Melbourne Victory
- Chairman: Anthony Di Pietro
- Manager: Mehmet Durakovic (until 5 January) Kevin Muscat (7 January) Jim Magilton (from 8 January)
- Stadium: AAMI Park and Etihad Stadium
- A-League Premiership: 8th
- A-League Championship: DNQ
- Top goalscorer: Carlos Hernández – 10
- Highest home attendance: 40,651 v Sydney FC 8 October 2011
- Lowest home attendance: 14,023 v Wellington 18 December 2011
- Average home league attendance: 24,284
| Home colours | Away colours |
- ← 2010–112012–13 →

= 2011–12 Melbourne Victory FC season =

The Melbourne Victory 2011–12 season is Melbourne Victory's seventh season in the Hyundai A-League, the highest level association football league in Australia.

==Season summary==
On 27 May 2011, erratic Costa Rican Marvin Angulo was axed by Melbourne Victory just weeks after his loan deal appeared set to be extended, while goalkeeper Michael Petkovic announced his retirement. Thai defender Surat Sukha left to join Buriram PEA after he was released by the Victory on compassionate grounds. It was also announced on 16 June 2011 that Adidas had signed a five-year deal as the club's official kit manufacturer. On 21 June 2011, Mehmet Durakovic was appointed as head coach of Melbourne Victory while former Socceroo and SBS football analyst Francis Awaritefe was appointed as Director of Football. However, after a brief five-month stint in his job as the Director of Football with Melbourne Victory, Awaritefe was axed by Melbourne Victory, after a run of poor results.
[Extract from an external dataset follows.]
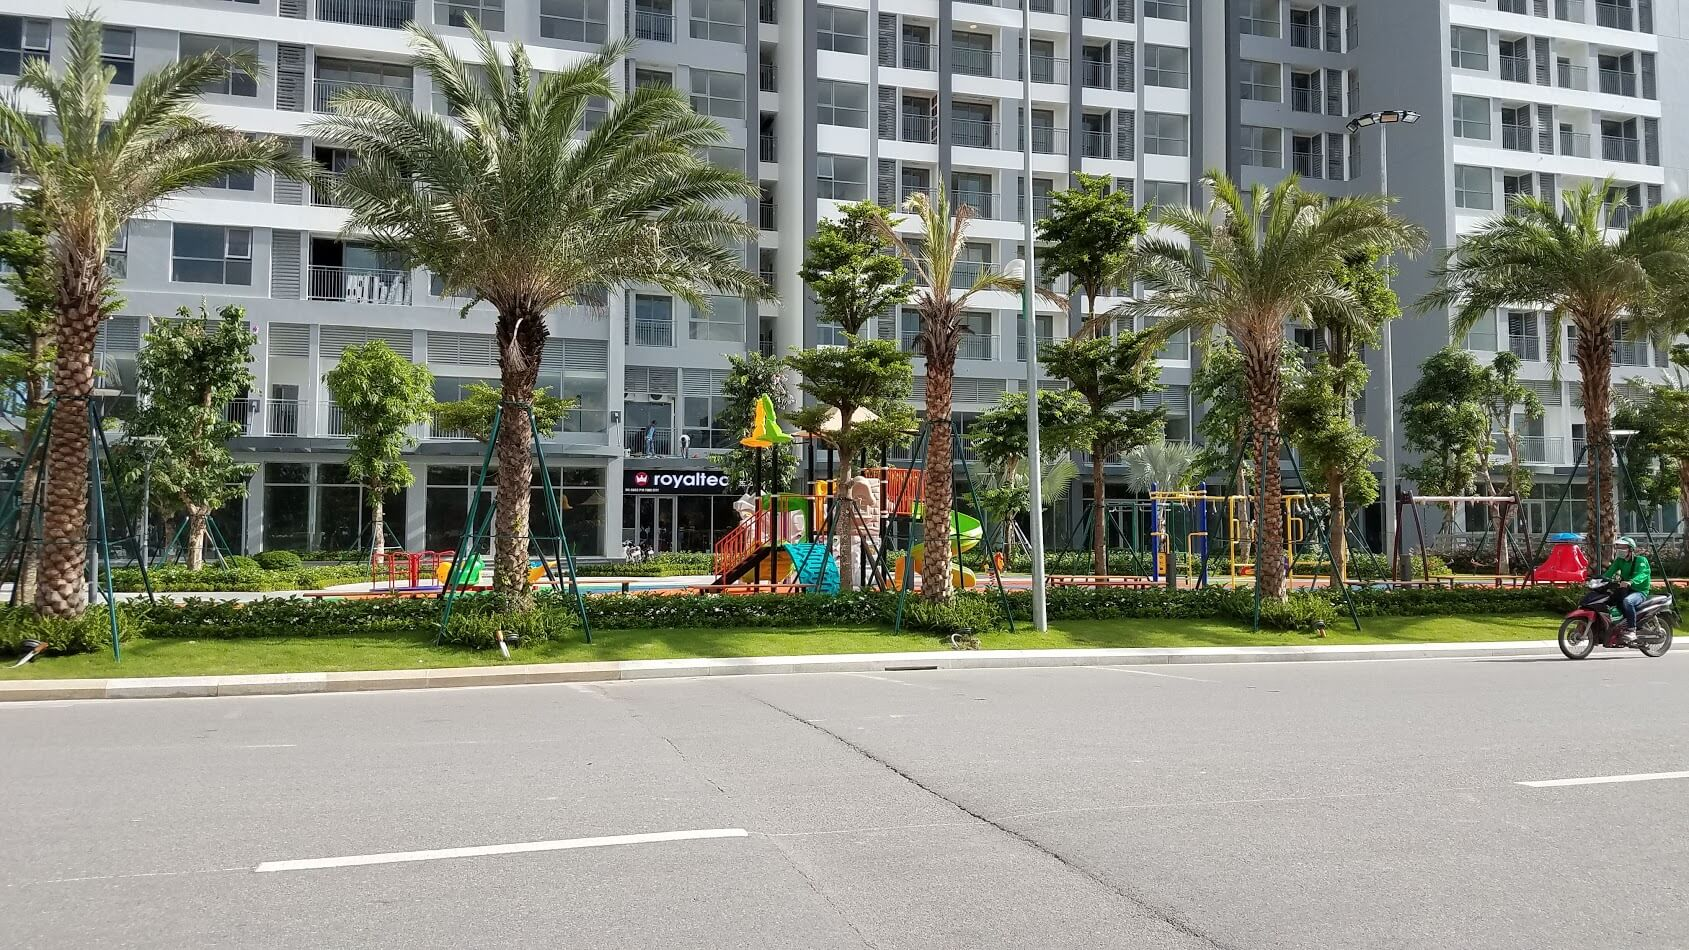 Sân chơi trẻ em Park 10, Times City Park Hill Premium

On 20 August 2011, Melbourne Victory officially confirmed the signing of Socceroos and former Leeds, Liverpool and Galatasaray player Harry Kewell on a three-year contract.

On 15 September 2011, it was announced Brazilian Fabio Alves had signed a one-year contract with Victory, after an impressive trial performance in a pre-season friendly against reigning champions Brisbane Roar.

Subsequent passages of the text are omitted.